Studio album by Michael Bolton
- Released: November 16, 1993
- Recorded: June – September 1993
- Studio: Out of Pocket Productions (Surrey, England, UK); Passion Studios (Westport, Connecticut); Record Plant (Los Angeles, California); Ocean Way Recording (Hollywood, California); The Enterprise (Burbank, California);
- Length: 51:31
- Label: Columbia
- Producer: Michael Bolton; Robert John "Mutt" Lange; Walter Afanasieff; David Foster;

Michael Bolton chronology
| The Artistry of Michael Bolotin (1993) | The One Thing (1993) | Greatest Hits (1985–1995) (1995) |

Singles from The One Thing
- "Said I Loved You... But I Lied" Released: October 22, 1993; "Soul of My Soul" Released: December 1993; "Completely" Released: March 1994; "Ain't Got Nothing If You Ain't Got Love" Released: April 1994; "Lean on Me" Released: July 1994;

= The One Thing (album) =

The One Thing is the ninth album by Michael Bolton, released on November 16, 1993. Although it produced the hit single "Said I Loved You... But I Lied", which reached number 6 in the US, it did not match the sales of his previous three albums. Nevertheless, the album was still a respectable hit on its own, reaching number 3 on the Billboard 200 and being certified triple platinum in the US. It was also certified Platinum in the United Kingdom.
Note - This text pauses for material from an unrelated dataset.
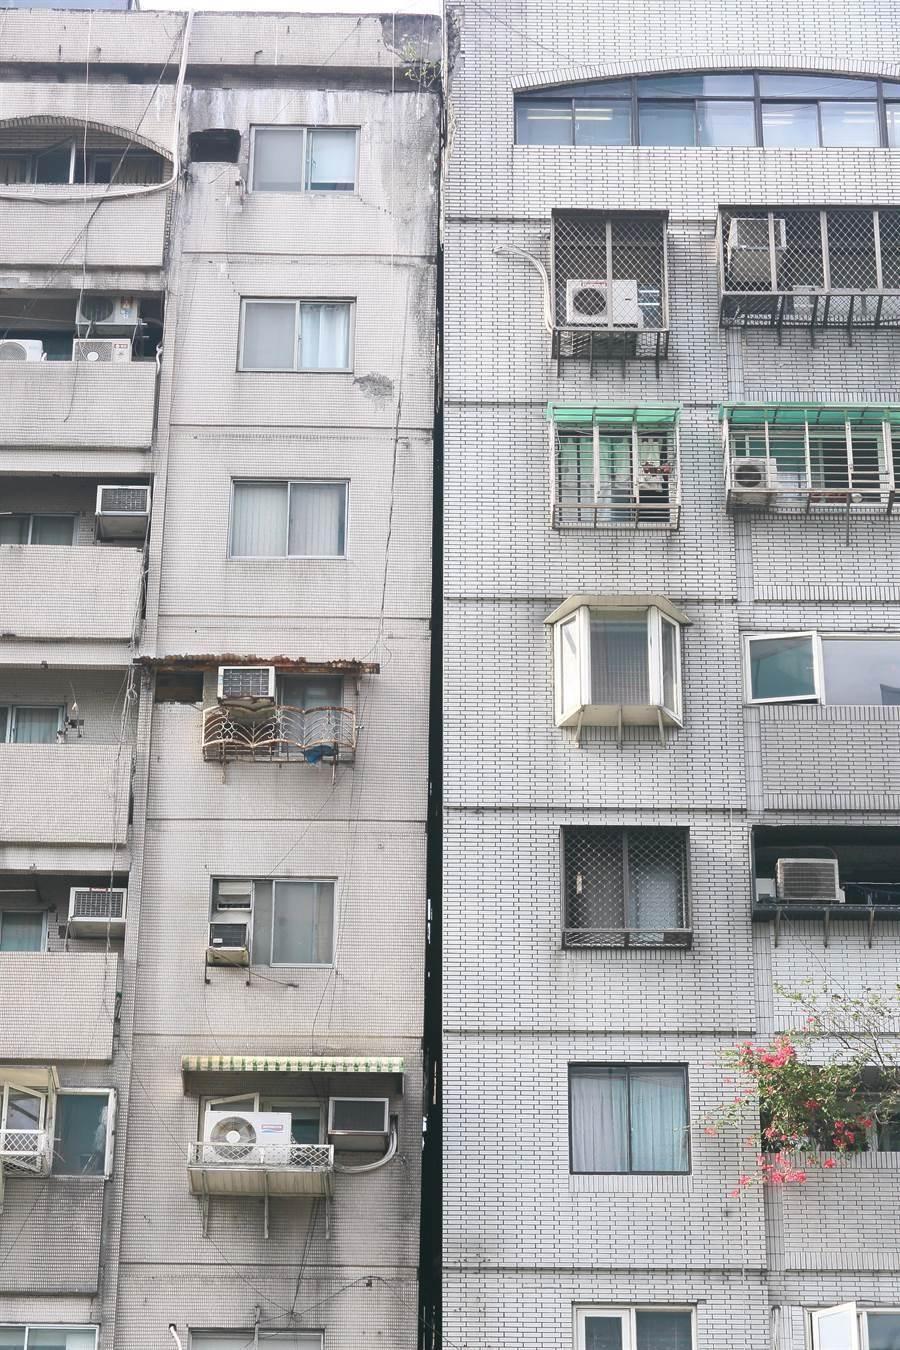 花蓮18日發生芮氏規模6.1級地震,位於北市信義路4段405號的富貴角大樓,疑因地震發生傾斜情形,里長表示該大樓921時就已經有傾斜,經建管處會同專業公會鑑定後,認定並無立即危險,先前疏散的32位民眾皆已返家。(張鎧乙攝)
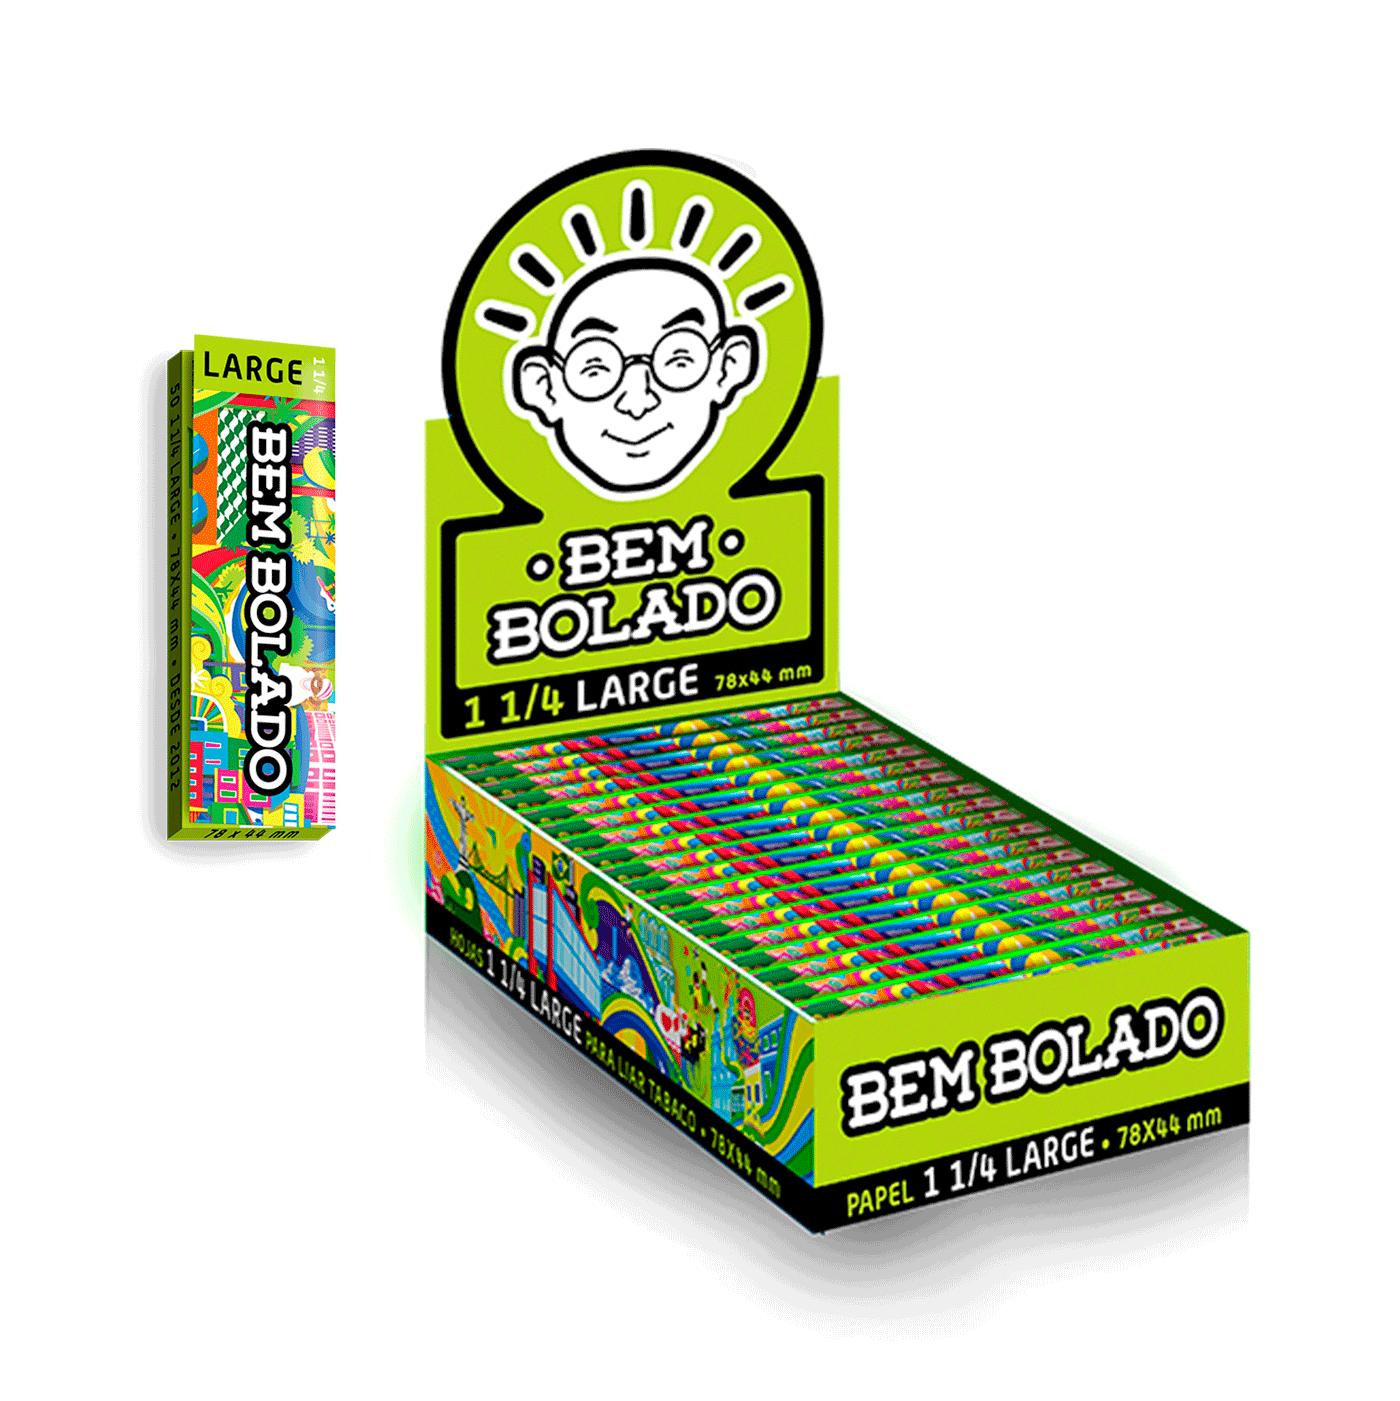 SEDA BEM BOLADO POP 1-1/4 LARGE C/25 LIVROS (Un.)

Like his previous album, Bolton co-produced all the tracks and co-wrote all but two songs.

Professional ratings
Review scores
| Source | Rating |
| AllMusic | Star |
| Chicago Tribune | Star |
| The Rolling Stone Album Guide | Star Half star |

==Track listing==

| No. | Title | Writer(s) | Producer(s) | Length |
|---|---|---|---|---|
| 1. | "Said I Loved You... But I Lied" | Michael Bolton; Robert John "Mutt" Lange; | Lange; Bolton; | 5:07 |
| 2. | "I'm Not Made of Steel" | Bolton; Diane Warren; Lange; | Lange; Bolton; | 5:11 |
| 3. | "The One Thing" | Bolton; Warren; Desmond Child; | Walter Afanasieff; Bolton; | 5:11 |
| 4. | "Soul of My Soul" | Bolton; Warren; Walter Afanasieff; | Afanasieff; Bolton; | 5:42 |
| 5. | "Completely" | Warren | David Foster; Bolton; | 4:25 |
| 6. | "Lean on Me" | Bill Withers | Afanasieff; Bolton; | 5:20 |
| 7. | "Ain't Got Nothing If You Ain't Got Love" | Bolton; Lange; | Lange; Bolton; | 5:04 |
| 8. | "A Time for Letting Go" | Bolton; Warren; | Afanasieff; Bolton; | 5:38 |
| 9. | "Never Get Enough of Your Love" | Bolton; Warren; Afanasieff; | Afanasieff; Bolton; | 5:06 |
| 10. | "In the Arms of Love" | Bolton; Warren; Child; | Foster; Bolton; | 4:47 |
| Total length: |  |  |  | 51:31 |

UK bonus track
| No. | Title | Writer(s) | Length |
|---|---|---|---|
| 11. | "The Voice of My Heart" | Bolton; Lange; Warren; Child; | 4:47 |
| Total length: |  |  | 56:18 |

== Personnel ==

Musicians
- Michael Bolton – vocals, arrangements (3, 4, 8, 9)
- Phil Nicholas – keyboards (1, 2), programming (1, 2, 7)
- Walter Afanasieff – arrangements (3, 4, 6, 8, 9), keyboards (3, 4, 6, 8, 9), synthesizers (3, 4, 6, 8, 9), synth bass (3, 4, 6, 8, 9), drum programming (3, 4, 6, 8, 9), rhythm programming (3, 4, 6, 8, 9), Hammond B3 organ (6)
- Gary Cirimelli – synthesizer programming (3, 4, 6, 8, 9), Macintosh programming (3, 4, 6, 8, 9), digital programming (3, 4, 6, 8, 9)
- Ren Klyce – digital programming (3, 6)
- David Foster – keyboards (5), arrangements (5), orchestra arrangements (5)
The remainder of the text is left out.